Swing 20. yüzyılın en popüler caz hareketlerinden biri olmasının yanı sıra, olağanüstü bir moda tarihine sahip bir dans türü. Bu dansın en önemli özelliği, müziğin ritmiyle, ahengi ve rahatlığı buluşturabilmiş olması. Belki de bu sebeple, Swing’in ilk çıktığı dönemlerde dansçılar, kıyafetlerini seçerken rahat, ucuz ve hareket kabiliyetlerini kısıtlamayacak olmasına göre seçim yapıyorlardı. Bu yazıda swing’in taşıdığı özelikleri kendi içerisine entegre etmeyi başaran Flapper Kadını’ndan bahsedeceğim.
1920’lere damgasını vuran Flapper dönemi özellikle kadınlar için hem moda hem yaşam tarzı açısından bir başkaldırıydı. Flapper kelimesi ilk olarak İngiltere’de ortaya çıktı. Anlamı ‘aykırı davranışlarda bulunan genç kadın’ demekti. Bu tarzın öncülerinden diyebileceğimiz Great Gatsby’nin yazarı Scott Fitzgerald’ın eşi Zelda ve onun gibi kadınlardı. Scott Fitzgerald, Flapper kelimesini ‘‘Hoş, pahalı ve yaklaşık 19’unda’’ –lovely, expensive and about nineteen – şeklinde tanımlıyordu.
Flapper döneminin tarihsel gelişimine baktığımızda, cazın gelişimiyle paralellik gösterdiğini görüyoruz. 1918-1929 tarihleri arası cazın bir akım haline dönüştüğü dönemdir. I.Dünya Savaşı öncesi, gevşekçe toplanmış uzun saçlarıyla, uzun dar elbiseleriyle ve korseleriyle feminen fakat sosyal yaşamda yeri oldukça az Gibson kadınlarının devriydi. Gibson kadınları narin ve kırılgandı, flört etmezlerdi, ev kadını olmak dışında faaliyetleri yoktu.

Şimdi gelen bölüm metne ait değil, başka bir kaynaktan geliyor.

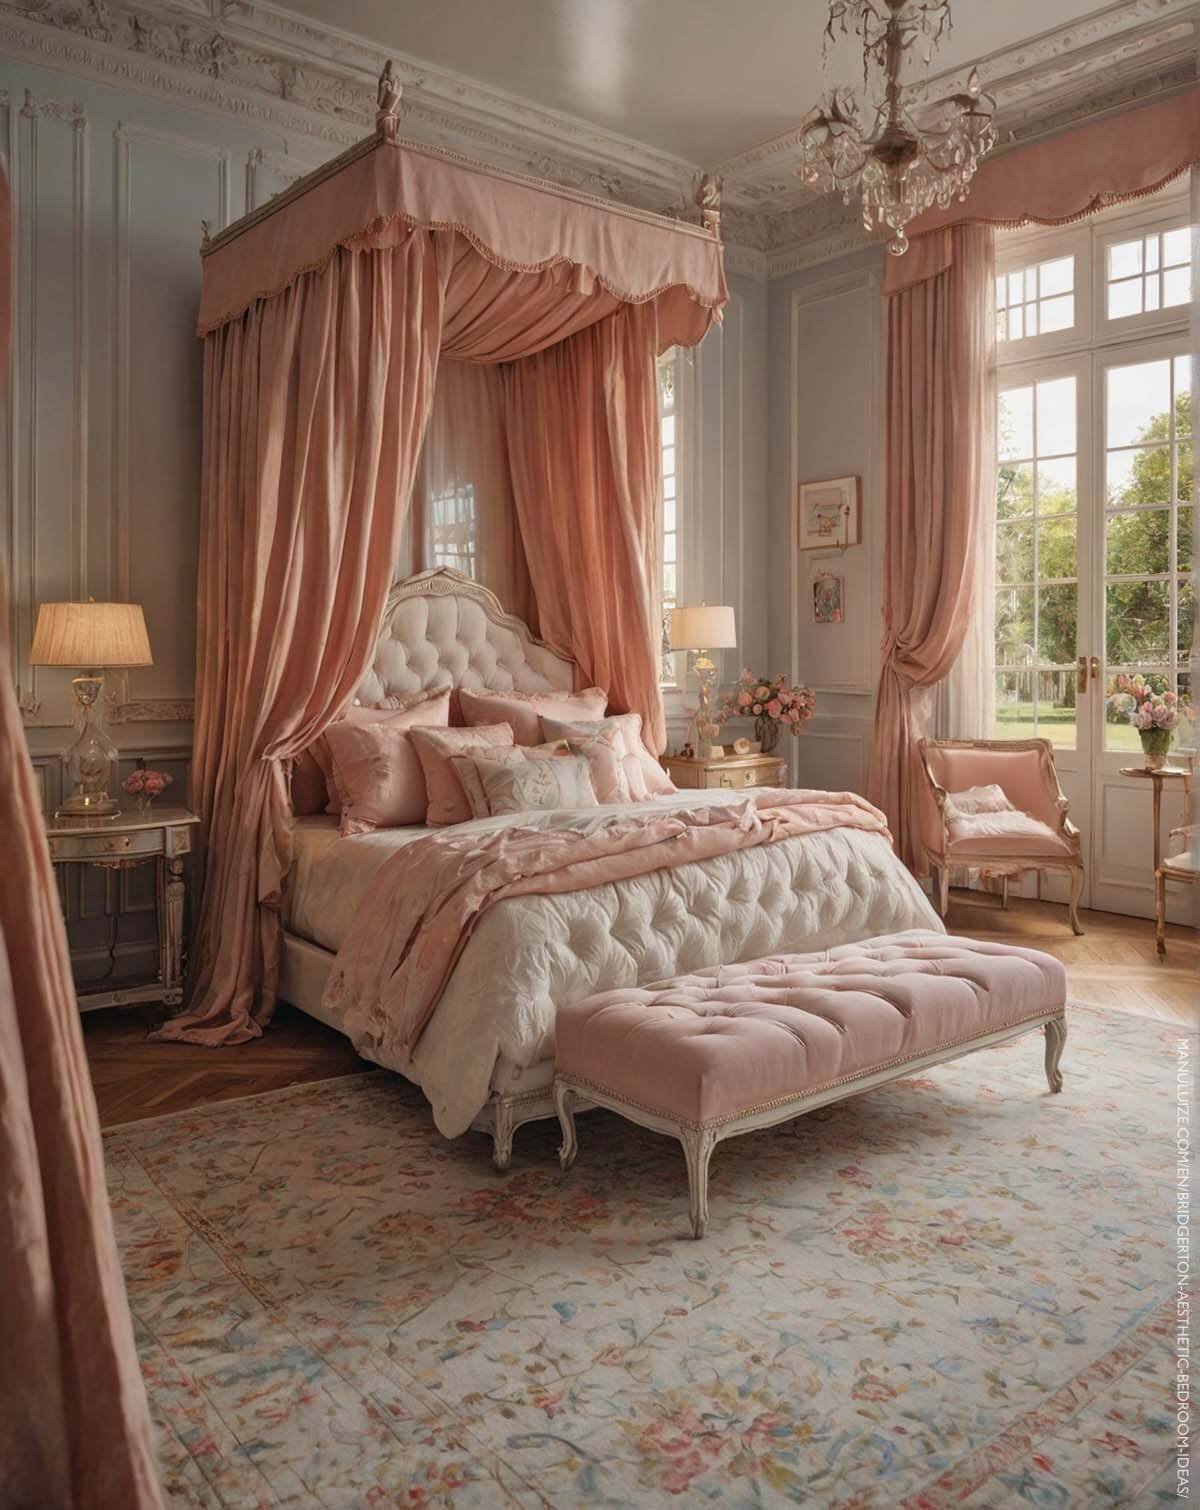 Pink Bridgerton canopy bedroom

O dönemin erkeklerinin savaşa gitmesi, kadınların aldığı sorumlulukları da değiştirdi. İşte tam bu dönemde Flapper kadını doğdu. Flapper kadınları, Gibson kadınlarının oluşturduğu sosyal statüyü tamamen yıktılar. İlk olarak sahip oldukları Viktoryen imajı yıkmak adına, uzun saçlarından kurtulup kısa saç modellerini seçtiler (Bob, Shingle ve Eton). Korsenin verdiği rahatsızlık yerine rahatlığı, uzun etekler yerine kısa elbiseleri tercih ettiler. Kısa topuklu ayakkabılar, inci kolyeler, pastel renkler ve aşırı makyaj flapper kadınının en önemli özellikleriydi. Coco Chanel’in tasarladığı, ‘Garçonne’ denilen erkeksi görünüme sahip kıyafetlerin popülerleşmesi de flapper kadınının yardımıyla oldu.

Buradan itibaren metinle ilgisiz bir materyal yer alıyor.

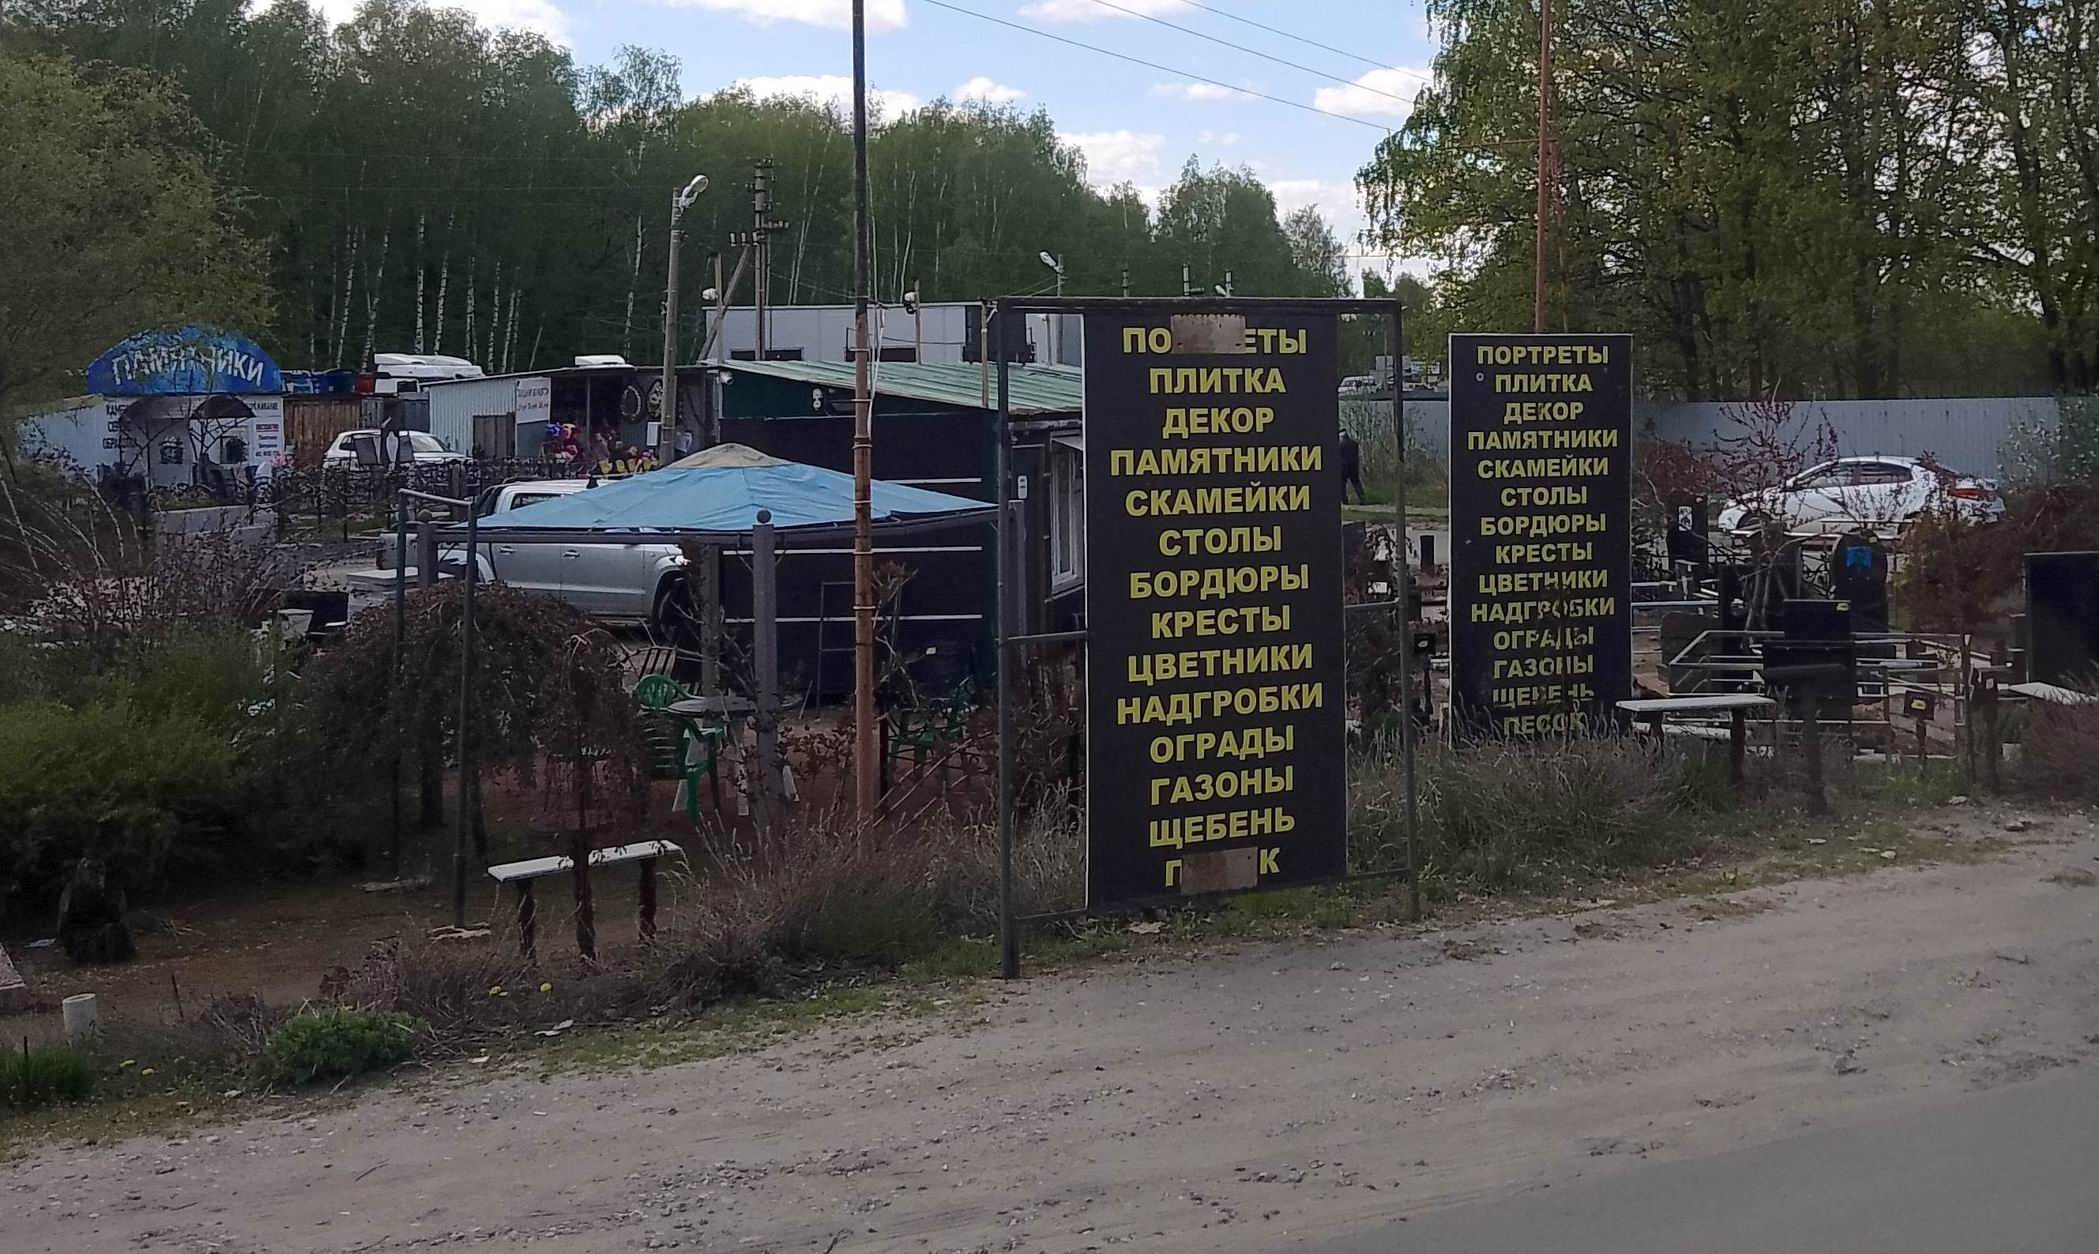 Преображенское кладбище в Рязани обустроят за 30 миллионов рублей

Dönemi incelemeye devam ettiğimizde, aşırı derecede sigara ve alkol tüketimi de göze çarpıyor. Flapper demek, umursamaz, risk alan, hızlı yaşam tarzına sahip, farklı ve aykırı demekti. Bu nedenle de sigara içmek onlar için oldukça normaldi. Hatta, Amerika’da alkol yasağı olmasına rağmen, aşırı alkol tüketiyor olmak da onlar için normaldi.
1920’ler caz çağıydı ve Flapperlar için en popüler şey dans etmekti. Rahat, hızlı yaşam tarzlarına uygun olarak Charleston, Black Bottom ve Shimmy yapıyorlardı. Tren ve bisikletten sonra çağın yeni ulaşım aracı olan otomobiller, flapper kadının yeni oyuncaklarıydı. Hızlı ve riskli yaşam tarzlarına uygun olan bu araçlarla çok çabuk bütünleştiler.
Sonuç olarak, flapper kadınına rahat yaşam tarzıyla modern kadının ilk örneği demek yanlış olmaz. Günümüzde Flapper akımının etkilerini ünlü modacıların koleksiyonlarında ya da Hollywood yıldızlarının saç modellerinde hala görmek mümkün.